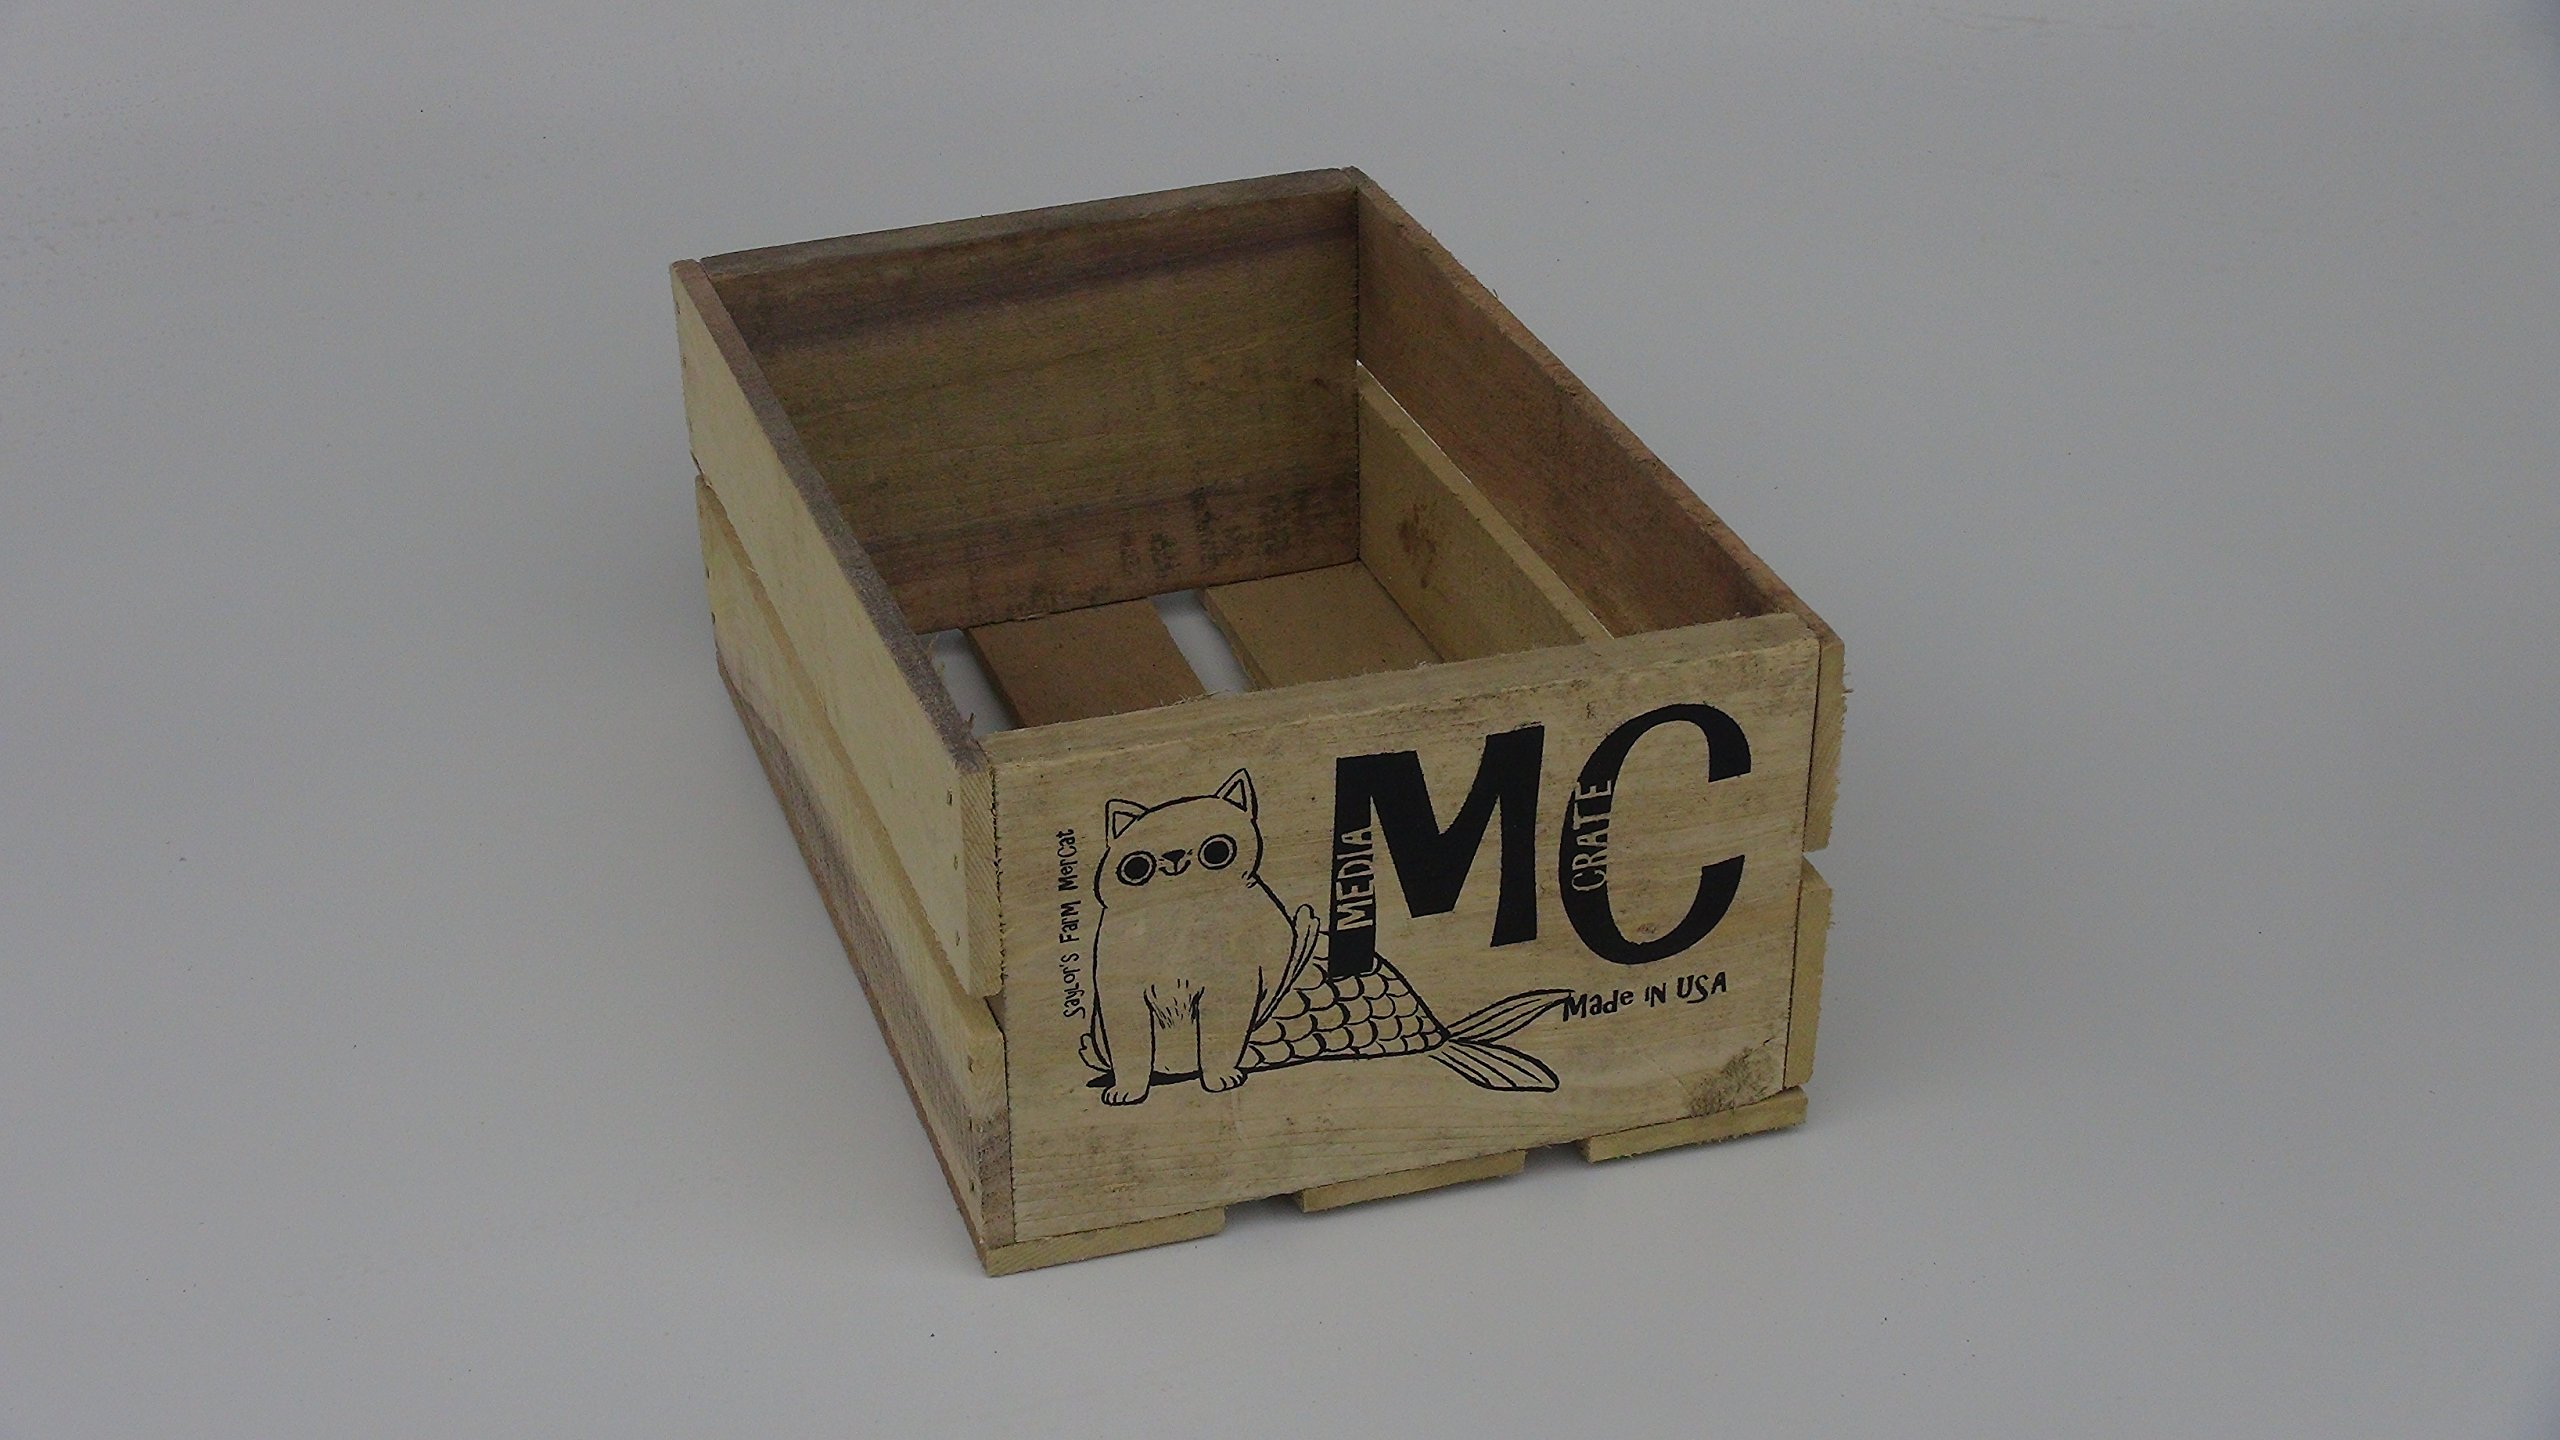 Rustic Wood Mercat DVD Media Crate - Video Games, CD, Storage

---

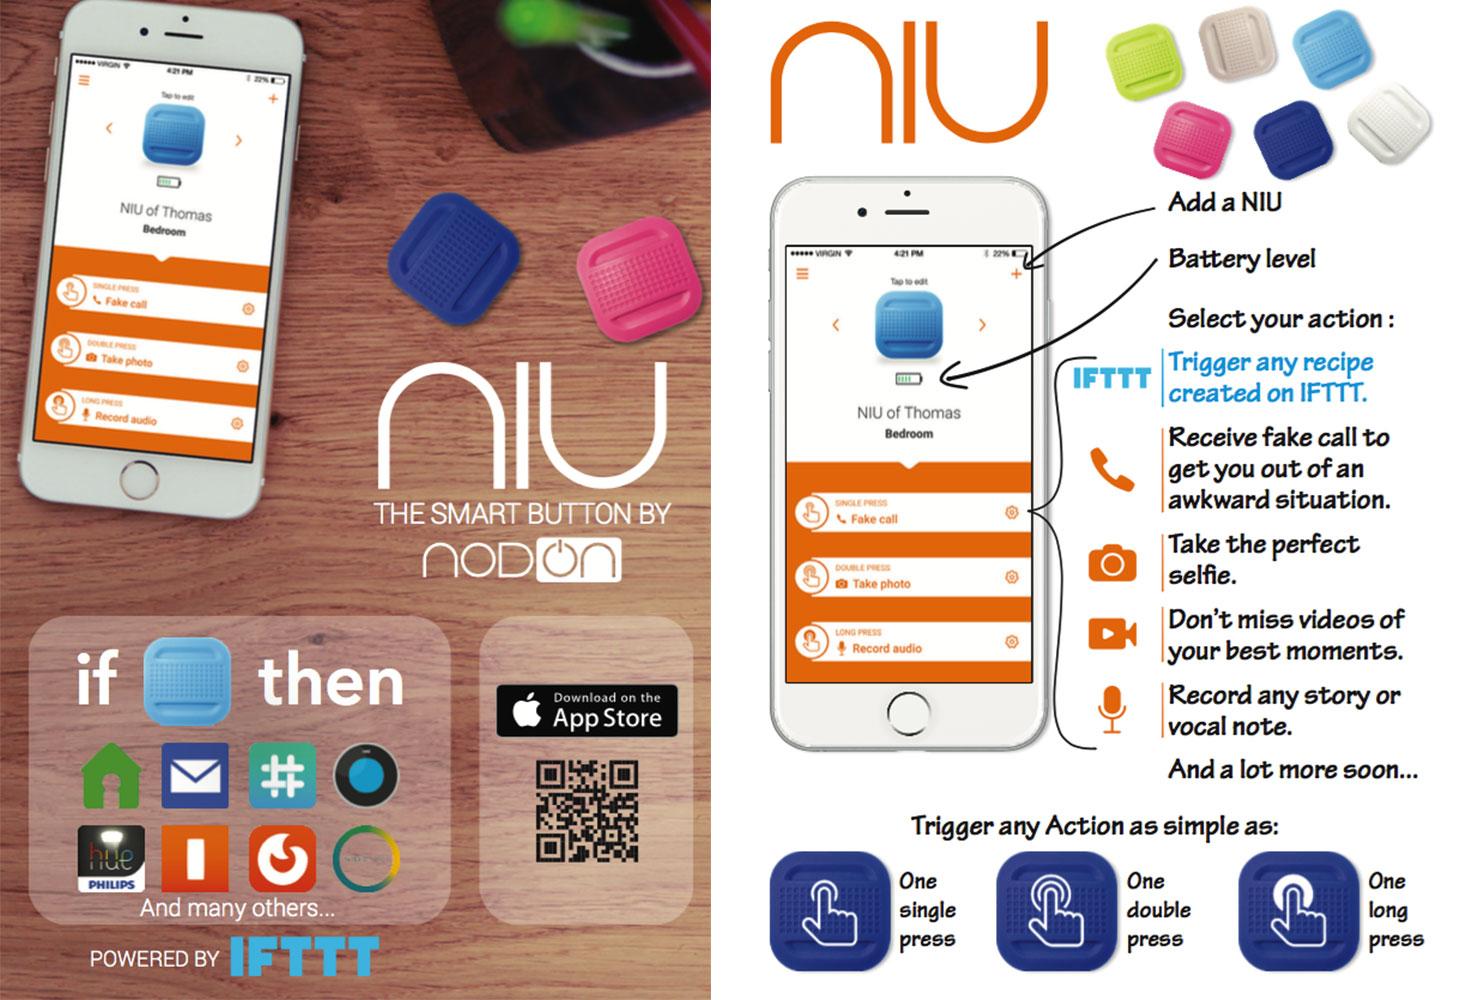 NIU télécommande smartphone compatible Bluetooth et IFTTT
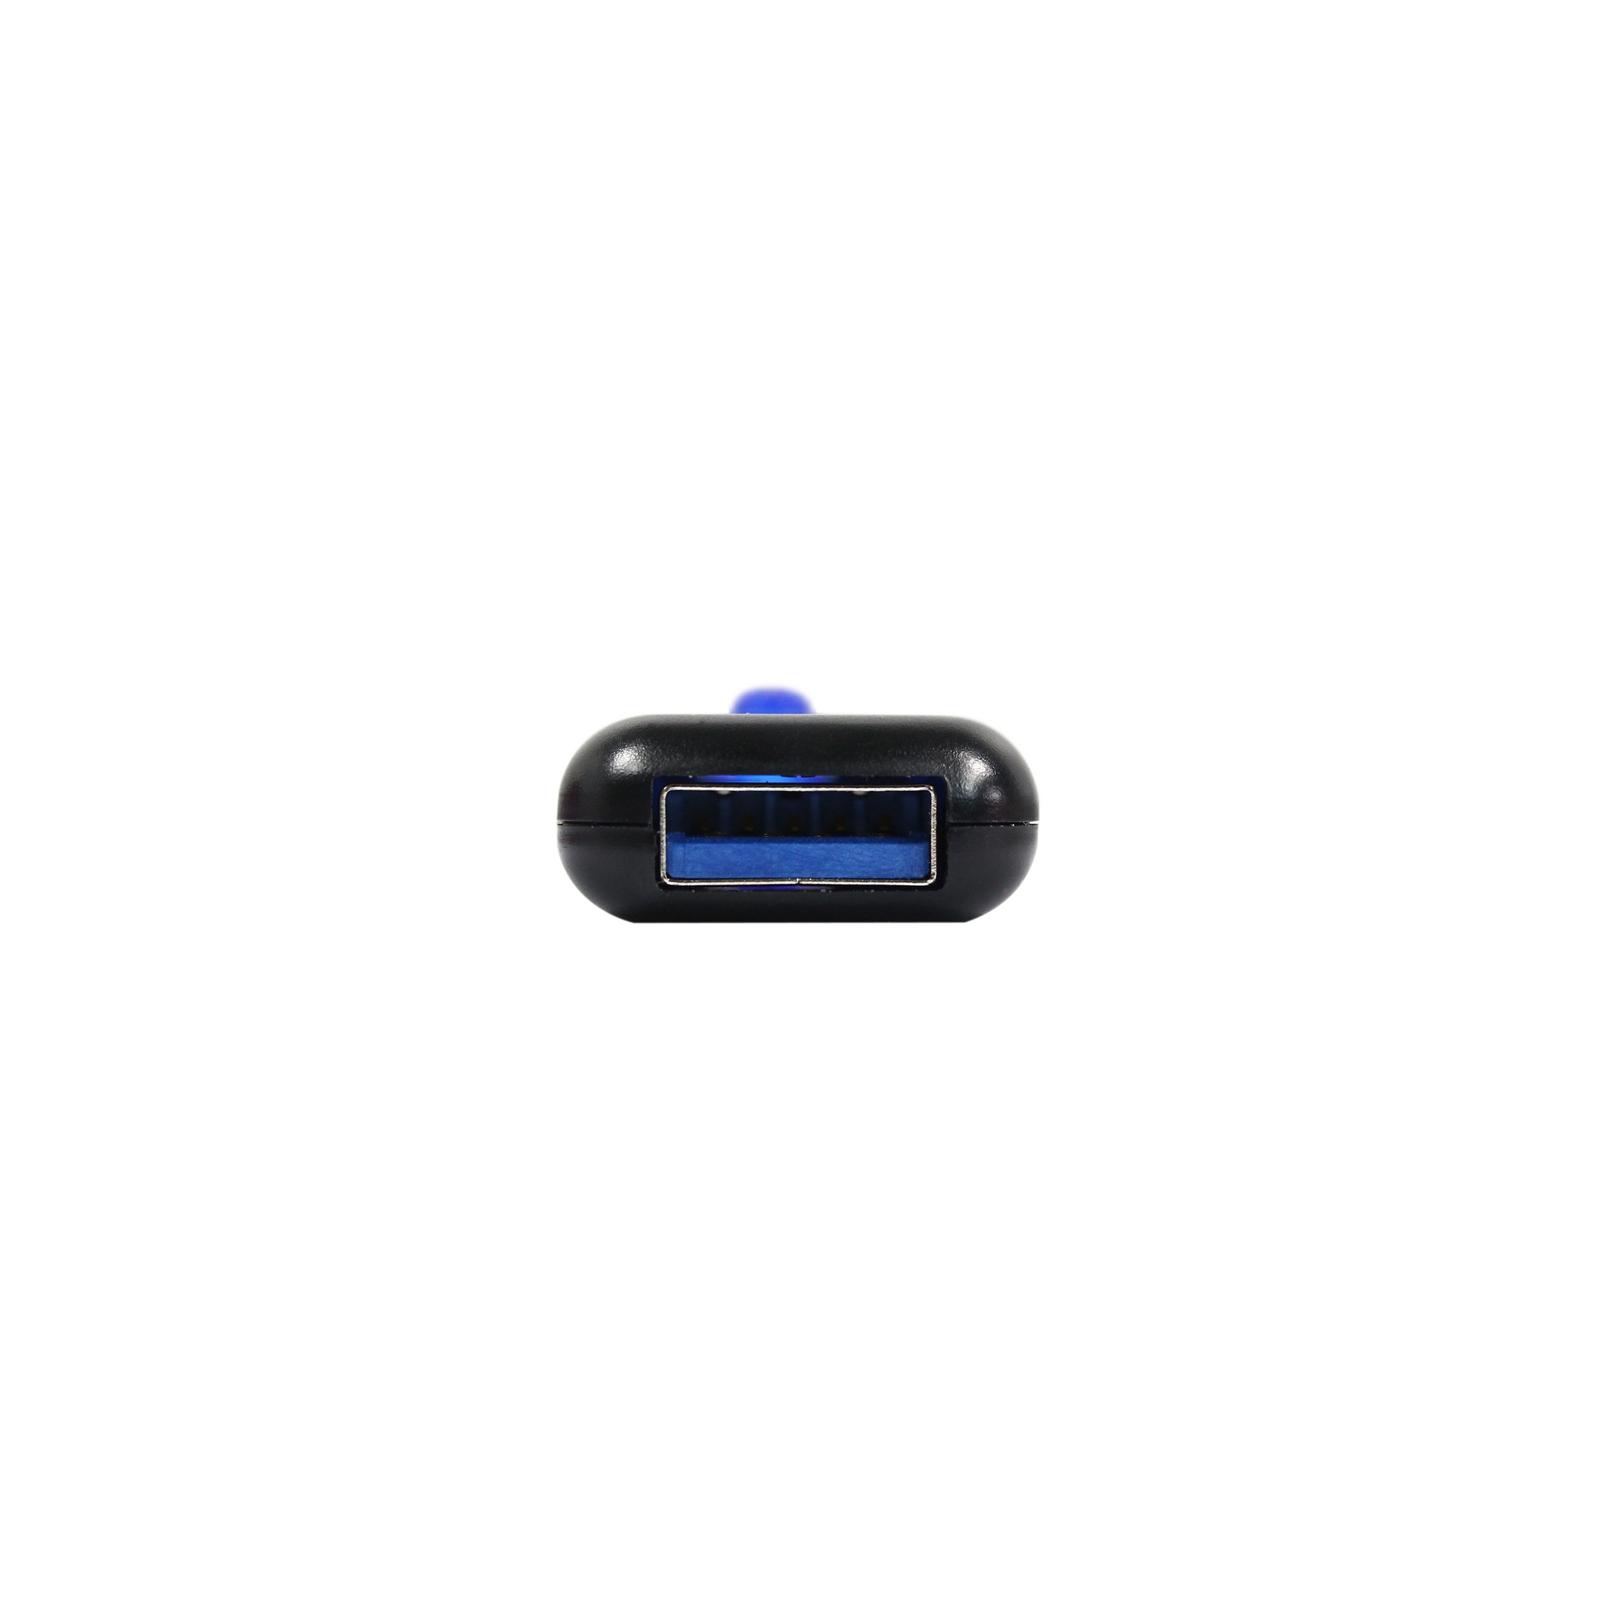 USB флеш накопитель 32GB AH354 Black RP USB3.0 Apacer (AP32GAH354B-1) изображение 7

## PROBLEM STATEMENT
Without the pictures, give again exactly the lines above starting at the line containing "NIU télécommande smartphone" and ending at the line containing "USB флеш накопитель".

## ANSWER BOX
 NIU télécommande smartphone compatible Bluetooth et IFTTT
 USB флеш накопитель 32GB AH354 Black RP USB3.0 Apacer (AP32GAH354B-1) изображение 7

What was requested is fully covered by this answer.